Courion Access Insight Detects Data Security Risks at HCR ManorCare
HCR ManorCare, a network of short- and long-term medical and rehabilitation care centers in 32 states, relies on Courion's Access Insight application to identify risks in access to data on patients and residents.
Encompassing 500 health care facilities, HCR ManorCare serves patients recovering from procedures such as knee surgery as well as elderly residents suffering from Alzheimer's disease. The facility also offers assisted living, hospice and home care.
The organization uses Access Insight to identify and settle risks associated with possible improper access to patient data.
Through Access Insight, the health facility can manage access among HCR ManorCare's employees, including nursing staff, direct care workers, nurse aides and back-office personnel, Jason Baxter, HCR ManorCare's director of systems development, told eWEEK.
HCR ManorCare must make sure "a nurse at one facility can't see data at another facility," said Baxter.
The predictive analytics in Access Insight builds on the provisioning and certification systems of HCR ManorCare to allow the facilities to identify and access data on a continuous basis, said Baxter. "We can slice, dice and dissect any risk related to any role, person or resource at any time," he said.
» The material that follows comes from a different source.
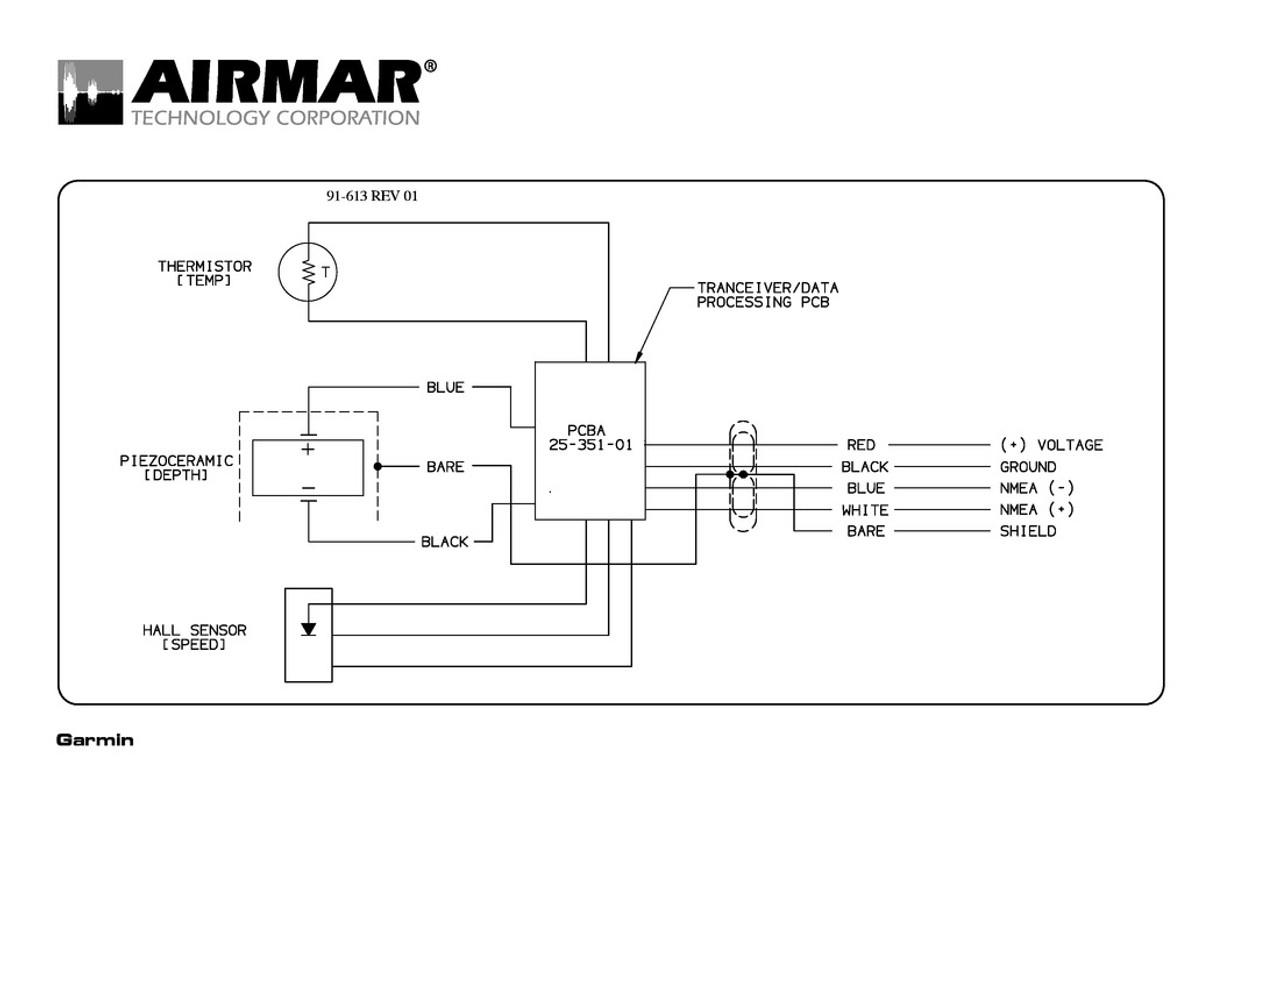 Garmin Usb Wiring Diagram - Diagrams Catalogue on

Access Insight generates graphical profiles, or heat maps to allow IT managers at the rehabilitation center to drill down to data points that show risks to violating compliance guidelines.
The software allows IT managers to view Active Directory groups, provisioning and password resets by region, department and division.
"Any large organization faces an inherent risk of improper access to sensitive data," Chris Sullivan, Courion's vice president of product planning, said in a statement. "HCR ManorCare is applying advanced technology so that they can aggressively identify, understand and settle business risks continuously while simultaneously improving operational efficiency."
The software allows HCR ManorCare to identify patterns in access and determine if violations of compliance guidelines have occurred. For health care data, the software can inform the company of access patterns that could violate the Health Insurance Portability and Accountability Act (HIPAA), said Baxter.
"Us having a handle on those patient privacy concerns is something that's paramount in our industry," said Baxter.
"Courion is the center of our whole identity and access management strategy and implementation," said Baxter. "We're leveraging Access Insight to take a holistic look at where the gaps are from our provisioning process."
Access Insight allows HCR ManorCare to combine transactional, provisional and profile data as well as identify gaps and anomalies. Heat maps in the application highlight access outliers, or statistics that vary from the access patterns based on risk, said Baxter.
The result of combining this data is an "identity-management warehouse," said Baxter.
"We're taking that information and being able to categorize our file shares or information based on risk," he said.
HCR ManorCare can then assign risk scores to data and report on problems in access permissions.
"What this enables us to do is really understand who has access to our critical resources and compare that to who should have access to our critical resources and be able to address gaps," said Baxter. "If you have private personnel data or financial data, understanding who has access to that really allows us to focus our resources on remediation and access control."
Variations in access might involve "read-only" versus "edit" mode in a document, and Access Insight provides the information the health facility needs to close possible gaps in access.